It's still something. Each additional reactor piles more on the power companies and less on the government. That's how I'd get rid of the act - just keep increasing the private liability.

I think the Navy's certification process for subs would work if implemented for power reactors, they have best practices and it could work counter cyclical to the private economic cycle.

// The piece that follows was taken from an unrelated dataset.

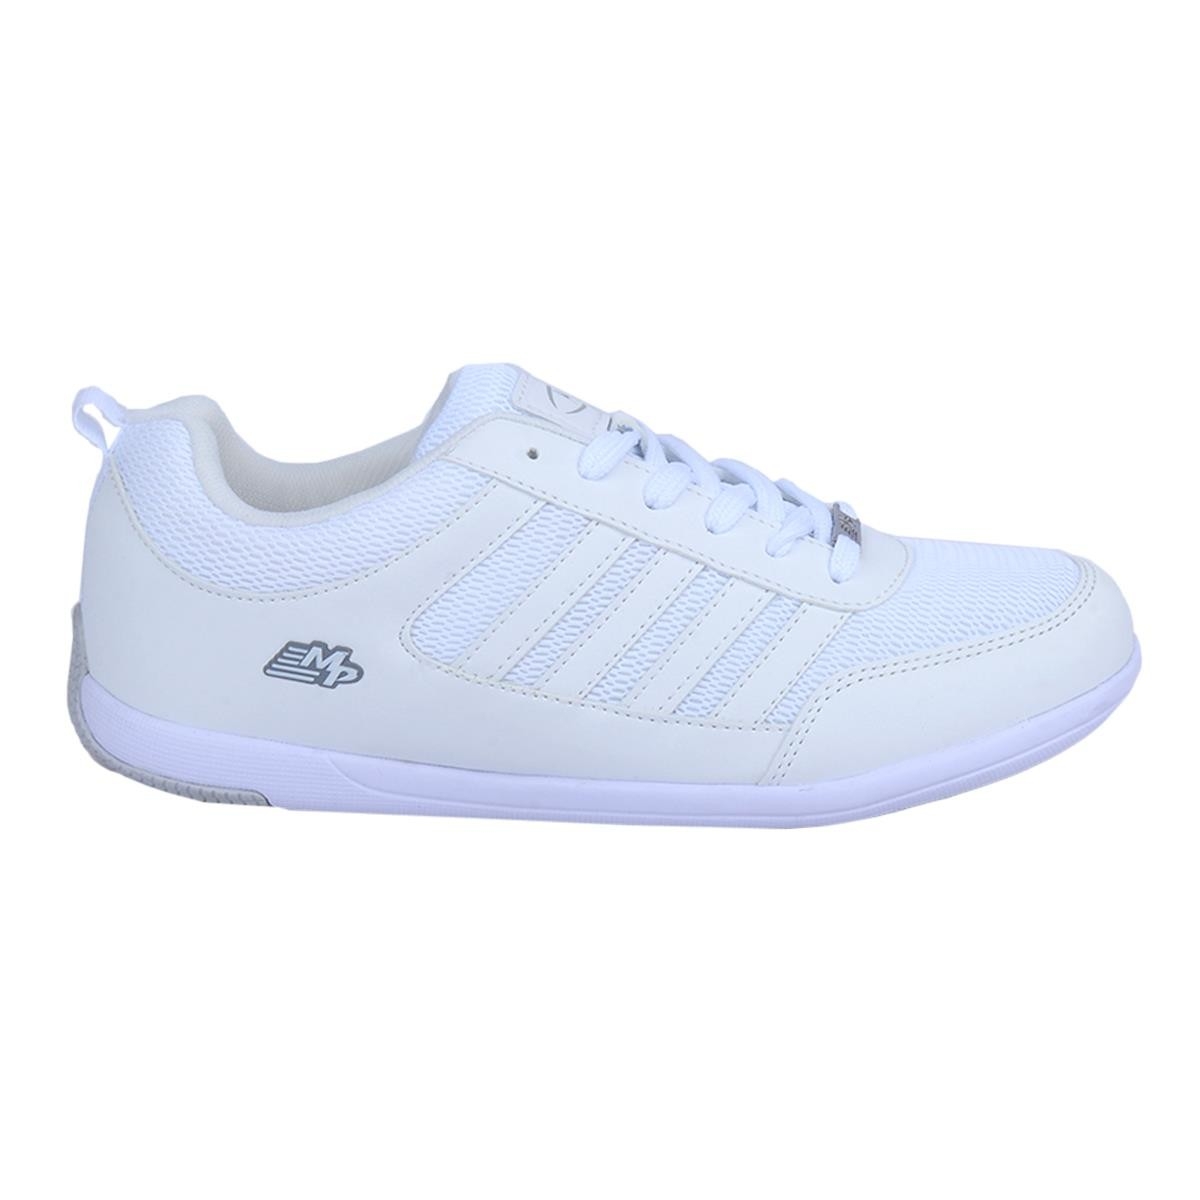 Flo 211-7320 Asper Beyaz Erkek Sneakers Spor Ayakkabı. 1

Is it really that relevant to a ground based commercial power nuclear plant? Besides, given the USA's track record over my lifespan, does it really NEED huge changes? Oh, and 'too cheap to meter' was always a wild idea.

Tough to just shut down a plant providing 35% of a state's electricity, but in the context that we've built the replacement first, acceptable.

I know I've mentioned in this thread that any extensive building of new nuclear plants would be to shut down older, inefficient, more dangerous plants, whether coal or nuclear, with safer modern plants.

' Cyberspies have penetrated the U.S. electrical grid and left behind software programs that could be used to disrupt the system, according to current and former national-security officials'

"There are intrusions, and they are growing .. There were a lot last year"

'Many of the intrusions were detected not by the companies in charge of the infrastructure but by U.S. intelligence agencies, officials said. Intelligence officials worry about cyber attackers taking control of electrical facilities, a nuclear power plant or financial networks via the Internet'

Given the great Northeast Blackout of Aug 14 2003 and a similar incident at a Davis-Besse nuclear power plant the previous January, why is the US still using the Internet to control the power grid? And that's assuming that any of the above is even true.
-------

PROTHERO: Do you believe this crap, Dascombe?

DASCOMBE: It's not our job to believe it, Lewis. Our job is to tell the people --

PROTHERO: "Exactly what they tell us." I Know but do you think that people will believe it?

DASCOMBE: They will if it's you that's telling it to them. Now let's try it again.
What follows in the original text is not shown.